At ForChiefs, our work consists of the facilitation of workshop journeys in the areas of purpose, vision & strategy, culture, and leadership as well as the coaching of leaders and leadership teams. Sometimes one-to-one, other times with groups ranging from a handful up to 600 people, our goal is to create rich, engaging, and challenging yet supportive in-person experiences where our clients have the chance to connect with one another on a deeper level and to connect their mind with their hearts.
To continue to act as sidekicks to our clients (you’re the Bat(wo)man, we’re your Robin), a few weeks ago we faced some big questions about how we could turn the Corona crisis into an opportunity for our clients and ourselves. Some of the questions that emerged where:
- How do we ensure that the workshops we designed for an in-person experience have the same quality and outcome when facilitated online?
- How do we create the right energy that is needed for the day and the group without being in the same room?
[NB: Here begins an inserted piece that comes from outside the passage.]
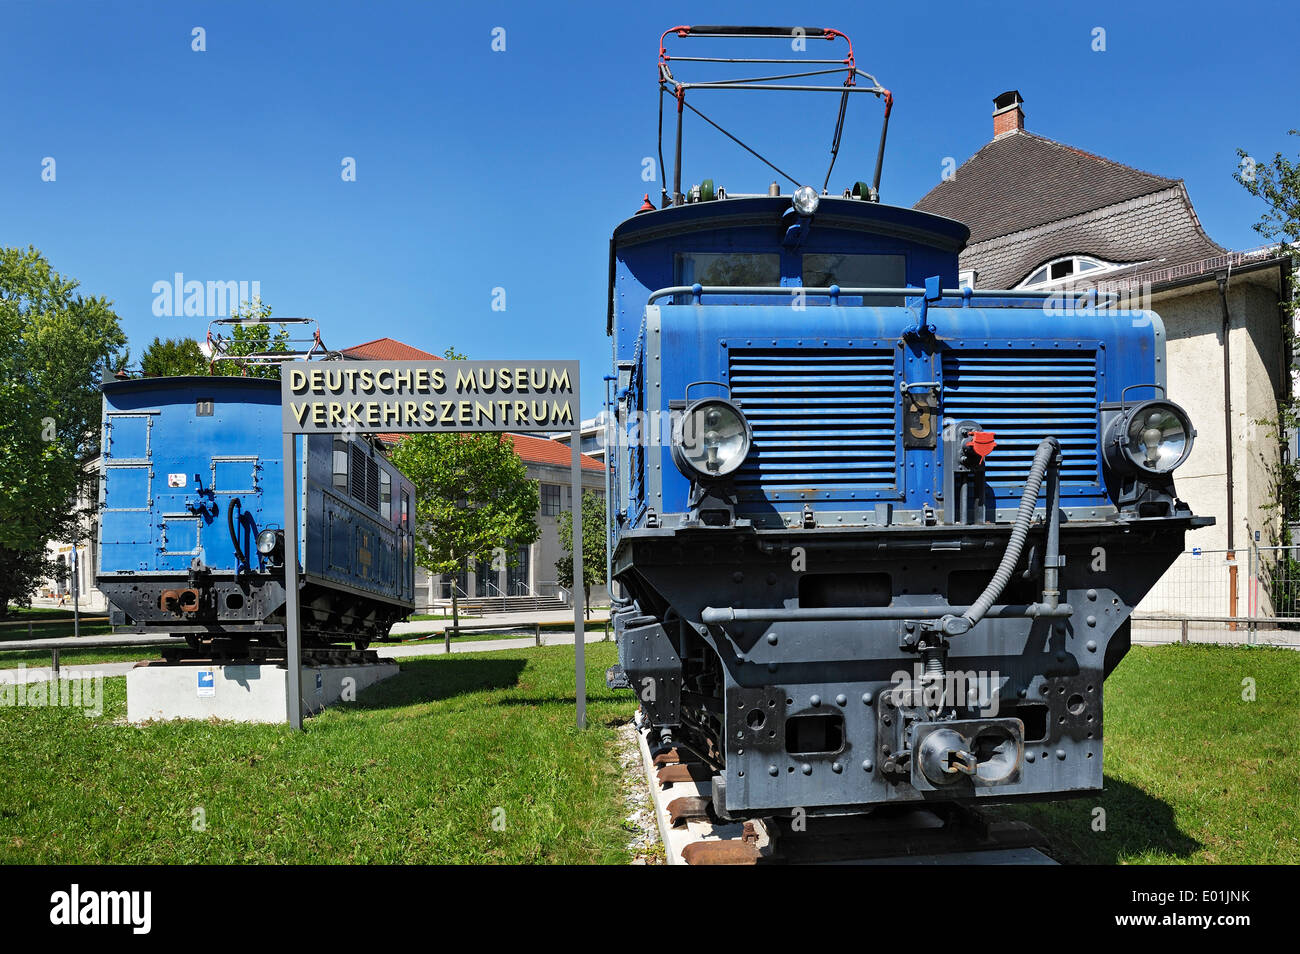 Lokomotive der Zugspitzbahn Eisenbahn von 1929, Deutsches Museum Verkehrszentrum, Deutsche Museum Transportation Center, München Stockfoto

- How do we keep participants engaged, focused, and energized throughout an intense day in front of a computer screen?
We work with some great and courageous clients that are used to embracing a challenge and turning it into an opportunity. With them, we started new or continued existing journeys, moved them online, and experimented and learned along the way. Collectively, we’ve facilitated more than 20 workshops online, such as:
- Created a vision and defining a strategy for a company
- Created a set of company values and defined leadership principles and mindsets
- Facilitated feedback and courageous conversations with senior management teams
In this blog post, we want to share some of our learnings. We’re definitely still learning a lot every day—as with everything, it’s about starting, experiencing and improving along the way.
The first task was to assess and select the tools available that could support the methods and exercises of our in-person workshops: a mix of silent brainstorming, small group work, and plenary sessions. We selected Zoom mainly for its Breakout Room feature which works well for creating subgroups and as a facilitator lets you move around the rooms to provide guidance and engagement.
The second key tool we selected is Mural, an online collaboration tool that is easy and fun to use and gives participants a visual to focus on and collaborate in. Those of you who are used to working with us know that we love using and filling up flipcharts and Mural is a great substitute to make this work online.
After selecting the tools that enable online facilitation, we needed to assess our existing workshop programme designs, redesign them to work online, and in some instances design new ones from scratch.
Thanks to the tools we selected, we were able to create a very similar experience to our in-person workshops with a mix of creative and thinking exercises, small and large group work, discussion and debate, all while capturing the outcomes in real-time for everybody to follow.
Packed and full-day workshops can be intense and we learned that sometimes breaking a full-day workshop into half days and shorter work sessions can offer a good alternative to manage energy and efficiency.
Engagement & Interaction
Those of you who in the past weeks have spent countless hours in video calls will have experienced how exhausting this can be.
To address the video call overkill, we experimented with different types of breaks and increased their frequency:
- Short breaks: 5-10 minute bio or coffee break
- Longer breaks: 30-60 minutes for lunch breaks and to go for a walk
- ‘Commercial Breaks’: just like on a television, our programmes are interrupted with some short mental breaks to show a funny video that makes everybody laugh and that helps close an exercise and move onto the next one. These are even more fun when the videos are shared in advance by your colleagues so you learn about their sense of humour. One of our favorites is this scene from Parks & Recreation.
To keep the energy and engagement high, we alternate between plenary and small group sessions, moments of silence to think and reflect, voting and creative collaboration in Mural or on paper.
Visual cues also help people stay engaged so we frequently ask everyone to use their thumbs (and facial expressions!) to provide feedback. Our little mascot ELMO (Enough Let’s Move On) is present too, sometimes as a virtual background or on a phone.
And finally, a great way to bring fun and lightness into an intense day is to play with props and costumes. Our record so far is the use of 8 different costumes in a one-day workshop.
Some of you know that we often bring one or more co-facilitators to our workshops to increase quality, use different styles & strengths, and to better manage group dynamics.
Moving our workshops online let us experiment and play with new or different roles, for example, the role of a ‘scribe’. The scribe is a great complement to the lead facilitator and ensures that the essence of what is being discussed and shared gets documented while the main facilitator can fully focus on the group and participants.
The scribe can also fulfil the role of a co-facilitator and support the subgroups in the breakout rooms to ensure clarity and engagement.
After 6 weeks of experimenting with many fun and intense sessions, we’re pleased about where we are, and the feedback from our clients has been fantastic.
Some say that the sessions have been more efficient, focused, and productive compared to in-person sessions. Others have said that even though they weren’t in the same room, they felt surprisingly more connected to their colleagues and often discovered new sides to people’s personalities. And almost everybody shared that the sessions went by so fast and often would have loved to go on even longer.
We’re grateful about having the opportunity to learn together with our clients, help them keep moving forward, and learn about how they discover their hidden potential.